賀聞秋不敢置信:「為什麼?!難道我還比不過那個恩將仇報,一心想吃絕戶的鳳凰男?」


他看起來很生氣,仿佛我不給個說得過去的理由,就會當場把我從馬背扔下去。


「因為你是賀家唯一的嫡子。」


我淡淡地說,


「你有你必須擔負的責任,我自然也有我的。那一日在學堂說過的話,是我失禮,若你心有芥蒂,改日我會帶著厚禮親自上門賠罪。」


「薑笛!」


「你若心懷不滿,可以現在放下我,我自己回去便是。」


話雖這麼說,賀聞秋卻完全沒有丟下我的意思,握著韁繩的那隻手反而更用力了:


「哼,我說過要把你完好無損地送回去,當然不會食言。」


「那便多謝賀公子了。」


他一邊策馬,一邊又冷哼一聲:「錯過我這麼一個乖巧懂事的帥哥,你未來一定會後悔的!」


「……」


這話我實在接不上,隻好閉口不言。


6


直到把我送回薑家府邸,賀聞秋都沒有再說過一句話。


重新見到綺月後,他將我放下馬,一手撈回借我擋風的那件鬥篷,扯著韁繩就要離開,卻又止住。


他坐在馬背上,居高臨下地望著我。


這動作本該是很有氣勢的,然而他說出的話卻截然相反:


「若我不再是賀家唯一的嫡子,能不能入贅你薑家?」


「……」


身邊扶著我的綺月一個踉蹌,再看去,風雪中的賀聞秋已經漸漸遠了。


我默然望著他的背影,直到綺月小心翼翼地開口:


「姑娘,雪又大了,外頭冷,還是快些回去吧。

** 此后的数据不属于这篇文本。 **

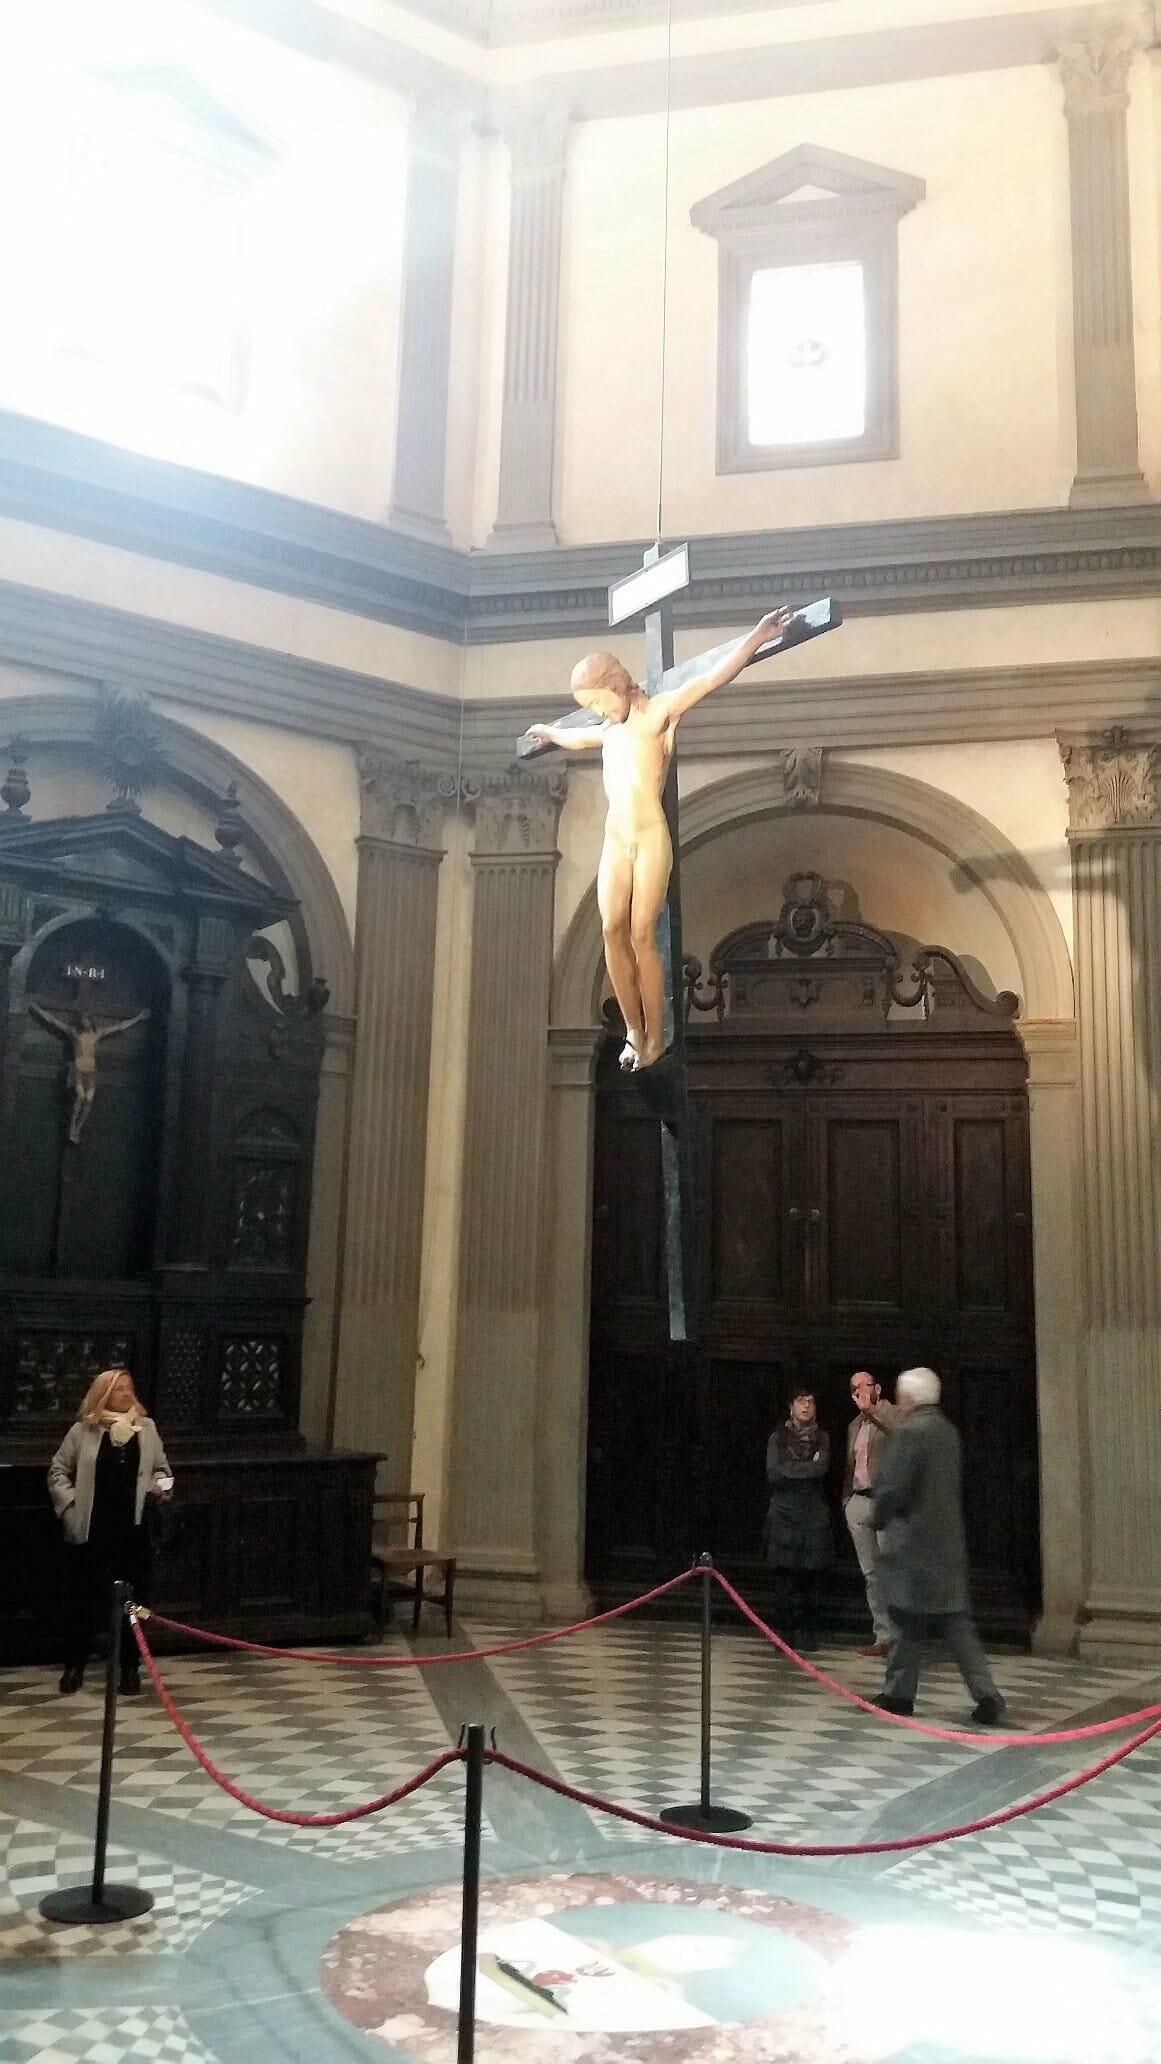 The Michelangelo's Crucifix in Holy Spirit

」


堂屋內擱著兩個炭籠,拉扯出一片暖烘烘的熱氣。


我環視一圈,不見崔寧遠和崔寧枝的身影。


「崔姑娘午膳後就出去了,說是要尋什麼人。崔公子仍在西三坊,幫著寫方子抓藥。」


我點頭表示知道了,猶豫片刻後,還是去見了爹娘,將退婚的事情說了出來。


娘確認了我並不是賭氣或者玩笑,竟然松了口氣:


「你總算想清楚,收了心。那崔寧遠狼子野心,實非良人。」


我目光掃過她和我爹的神情,猛然意識到什麼:「爹和娘一直不喜歡他嗎?」


爹嘆了口氣:


「此人心思頗深,又善鉆營,借你之勢入了京城學堂後,便搭上了七皇子那邊。若日後他真的與你成親,想必我薑家也會被強行綁上儲君之爭的大船。」


我怔在原地。


所以,崔寧遠是因為在爭儲中為七皇子立下大功,未來才得以平步青雲嗎?


離開書房後,我攏緊鬥篷往回走,綺月輕聲問著我晚膳想吃什麼。


我張了張口,正要說話,腦中卻不知怎麼的,回想起出京路上賀聞秋的絮絮叨叨。


「……姑娘?」


綺月又叫了一聲,我回過神:「晚膳……來一盅燉羊肉吧。」


直到天色黑透,崔寧遠才帶著崔寧枝回府。


兩個人唇邊都帶著笑,似乎心情不錯。


我坐在堂屋靜靜等著,崔寧遠見了我,笑容一收,正要走,我叫住他:「退婚吧。」


他猛地回頭,不敢置信地看著我:「你說什麼?」


「我要與你退婚。」我一字一句地說,「崔寧遠,從今夜起,你我婚約解除。你可去尋你的心上人,我也會另覓良婿。」


他死死盯著我,大概是意識到我並不是要與他相商,而是在通知他。


「薑笛!」


不等他開口,一旁的崔寧枝已經開口怒斥:


「你算什麼東西,怎麼敢對我哥哥召之即來揮之即去?你知不知道,就算七皇……」


她話沒說完,崔寧遠忽然冷了臉呵斥:「寧枝!」


崔寧枝像是意識到自己失言,慌忙閉了嘴。


我嗤笑一聲:「你在女塾待了三年,竟一點長進都沒有。」


往常我若這麼說崔寧枝,崔寧遠一定會立刻跳出來護著她。


但此刻他竟然隻是目不轉睛地看著我:


「這麼說,你心裏已有了新的人選。薑笛,在你心裏我到底算什麼?一個入贅薑家的備選,此刻有了更好的,便棄之不用了?」


我喝了口杯子裏的熱牛乳,淡淡道:


「怎麼隻許你與那位醫女唐姑娘你儂我儂,就不許我早日另做打算嗎?」


「唐露?我與她隻是朋友而已。君子之交,向來坦蕩。」


崔寧遠飛快地解釋了一句。


我盯著他坦蕩的神情,一時無言。


這是我第一次發現,崔寧遠這人……相當無恥。


「究竟是朋友還是存了旁的心思,你自己心知肚明。」


我不想再和他爭辯,放下杯子站起來,


「退婚庚帖我明天拿給你,你和崔寧枝三日後搬出去。至於京城學堂那邊,我身體抱恙,不會再去,你若還想繼續,自便就是。」


薑家隻有我一個獨女,因此我爹一直將我當作繼承人培養。


及笄前我已對經史策論薄有研究,之所以還日日去學堂,不過是為了陪著崔寧遠而已。


事實上,他也從沒領過我的情。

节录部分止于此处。